Scenario | One Wave | Two Waves | ||||
---|---|---|---|---|---|---|
Predicted N Required |
Simulated N Required |
Predicted N Required |
Simulated N Required |
|||
Odds Ratio | MPB | CPB | MPB | CPB | ||
Pre-post correlation 0.06 | ||||||
1.5 | 1152 | 1154 | 1157 | 1149 | 1087 | 1153 |
2 | 414 | 415 | 413 | 413 | 389 | 412 |
3 | 176 | 176 | 167 | 175 | 165 | 165 |
Pre-post correlation 0.3 | ||||||
1.5 | 1209 | 1211 | 1210 | 1090 | 1040 | 1091 |
2 | 408 | 408 | 411 | 368 | 351 | 371 |
3 | 175 | 175 | 169 | 159 | 151 | 152 |
Pre-post correlation 0.6 | ||||||
1.5 | 1192 | 1191 | 1182 | 753 | 735 | 745 |
2 | 430 | 429 | 431 | 277 | 270 | 269 |
3 | 176 | 176 | 172 | 118 | 115 | 109 |
The second motivating question concerns the extent that the estimated sample size changes by using the CPB versus the MPB sample size formulas. As in the first simulation experiment, we found the MPB approach and CPB approach to be practically equivalent in the posttest-only case. In the pretest–posttest case, the MPB approach was found to be slightly conservative and the CPB approach was found to be slightly anticonservative, probably making the MPB approach the safer choice.
Finally, the third question motivating this experiment concerned the extent to which the required sample size can be reduced by taking the pretest–posttest correlation into account. The results indicate that taking pretest–posttest correlation into account reduces the required sample size. As would be expected from the previous simulation experiment, results showed that the required sample size for adequate power can be reduced dramatically (possibly by hundreds of participants) by employing a pretest–posttest approach instead of posttest-only.
Discussion
The current manuscript addresses an important gap in planning resources for SMART studies by providing new sample size simulation procedures, as well as approximate asymptotic sample size formulas, for SMARTs with binary outcomes. These sample size resources enable researchers to consider the inclusion of a pretest when calculating sample size requirements for comparing adaptive interventions. Two simulation experiments show that the new formulas perform well under various realistic scenarios. Given the increased uptake of SMART studies in behavioral science (see Ghosh et al., 2020; Nahum-Shani et al., 2022) and the high prevalence of binary outcome data in many domains of psychological and behavioral health research, the proposed sample size formulas have the potential to contribute to the development of adaptive interventions across multiple fields.
Our simulation results show that taking into account the inclusion of a pretest (i.e., the pretest–posttest correlation) in power calculations leads to smaller sample size requirements than comparing end-of-study outcomes (i.e., posttest) alone. While the sample size savings in some scenarios are relatively small, in other scenarios they are quite substantial, making the SMART design more feasible when resources are limited. Overall, these results suggest that when planning SMART studies with binary outcomes, investigators can potentially improve power by including a baseline measurement. This pretest may be included either as a measurement occasion in a repeated measurement model, or as a covariate, with similar power benefits.

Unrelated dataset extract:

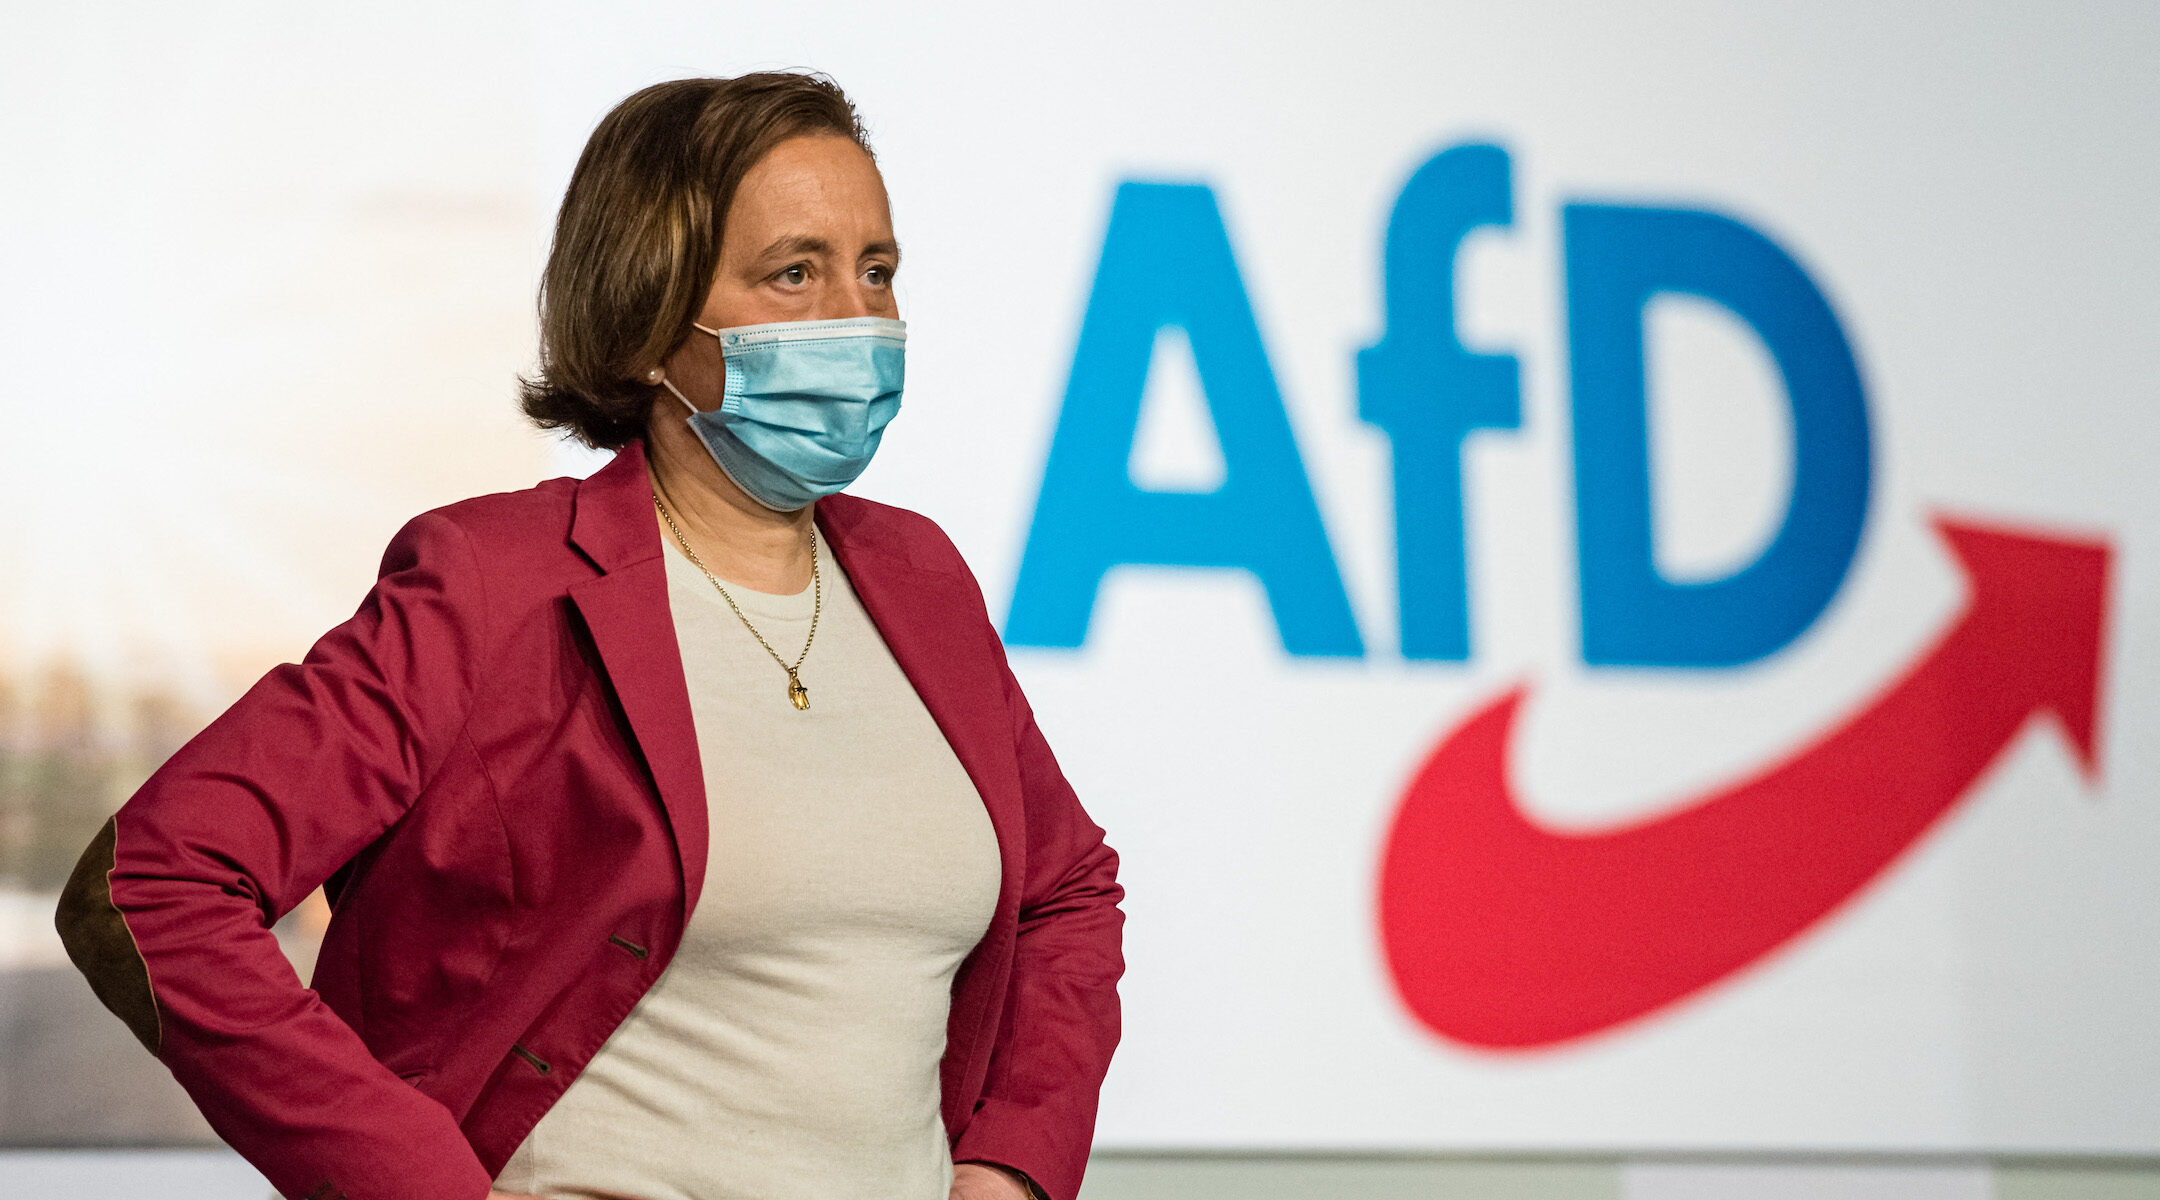 Alternative for Germany (AfD) deputy leader Beatrix von Storch
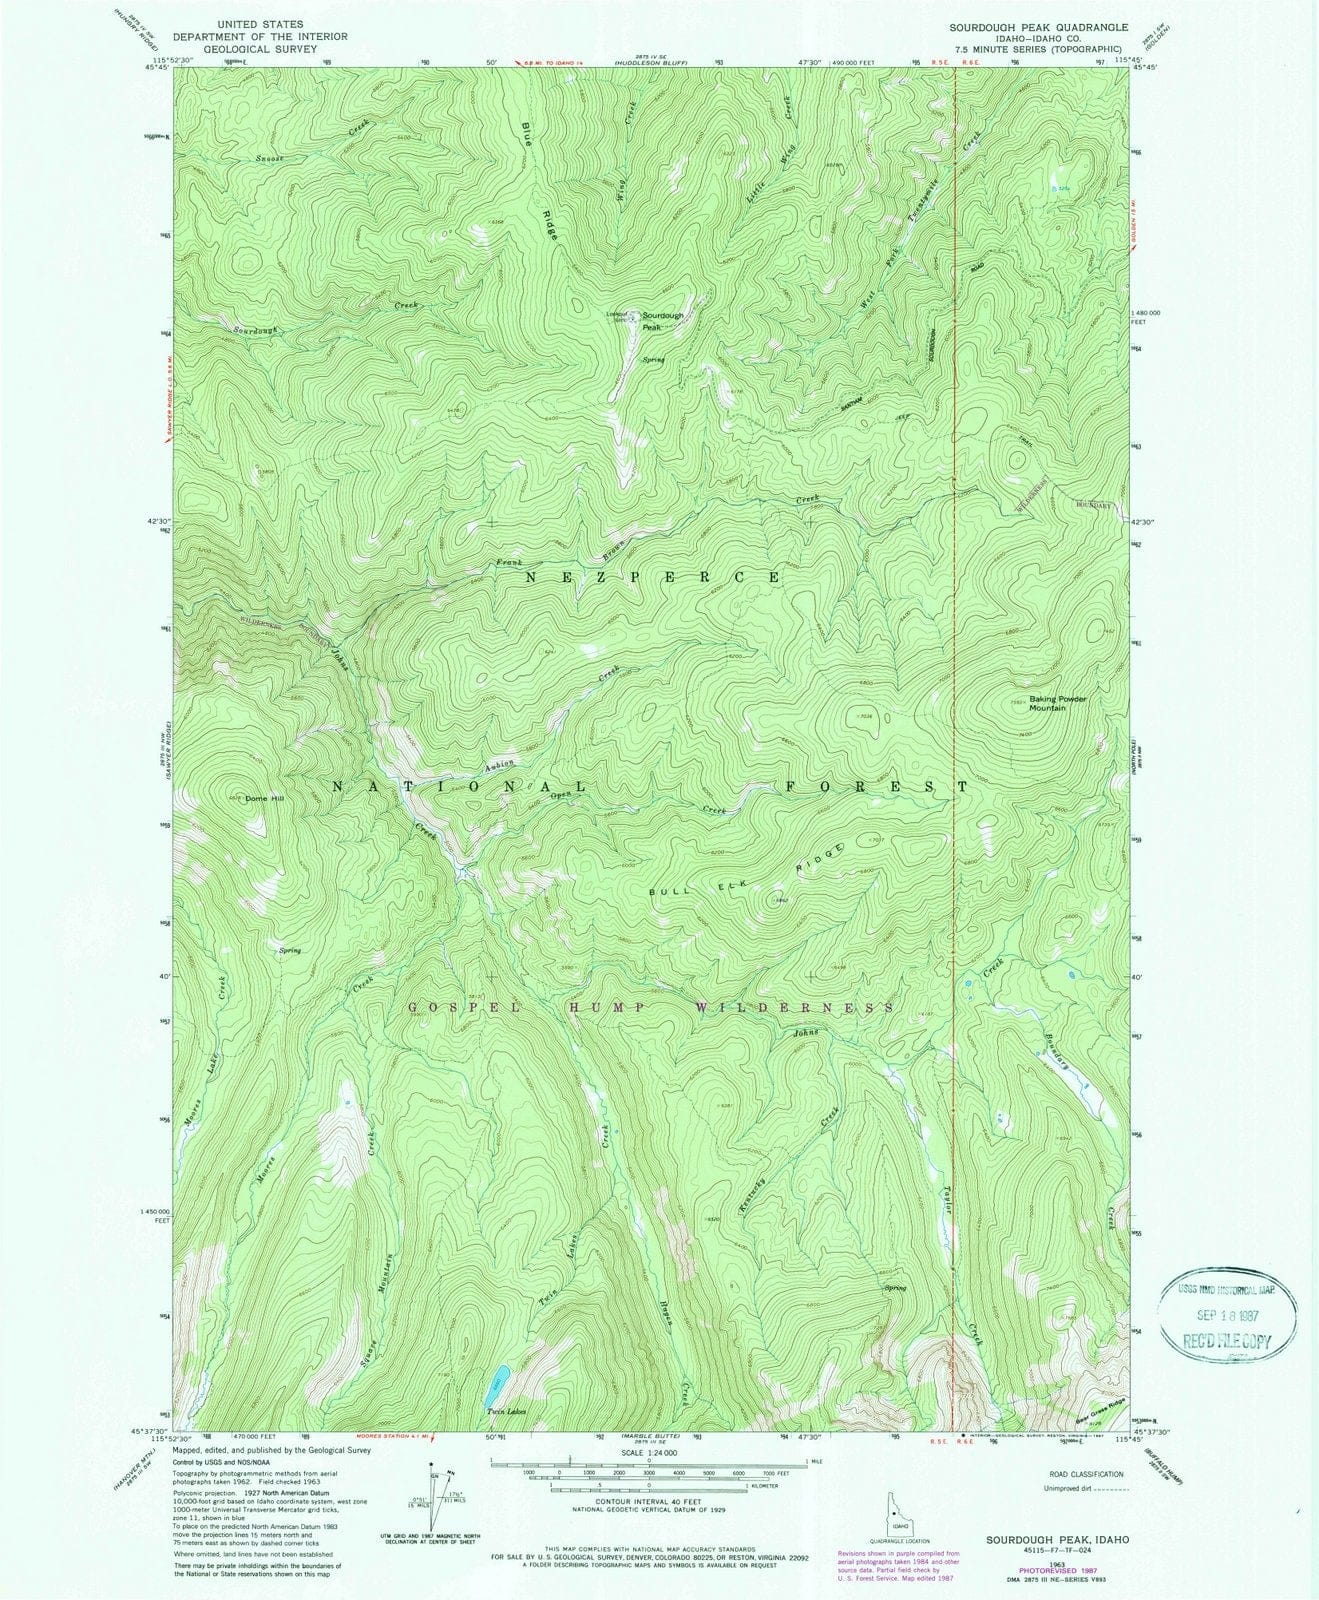 1963 Sourdough Peak, ID - Idaho - USGS Topographic Map

The results also indicate that modeling more outcome measurement occasions beyond pretest and posttest may have diminishing returns in terms of power for comparing end-of-study (posttest) outcomes between adaptive interventions. However, intermediate measurements between pretest and posttest may be vital for secondary research questions about other estimands, such as delayed effects, which are not considered here (see Dziak et al., 2019). Systematic investigation of the extent of efficiency gained per added measurement occasion is needed to better assess the tradeoff between adding measurement occasions versus adding participants to the study in terms of power for a given hypothesis.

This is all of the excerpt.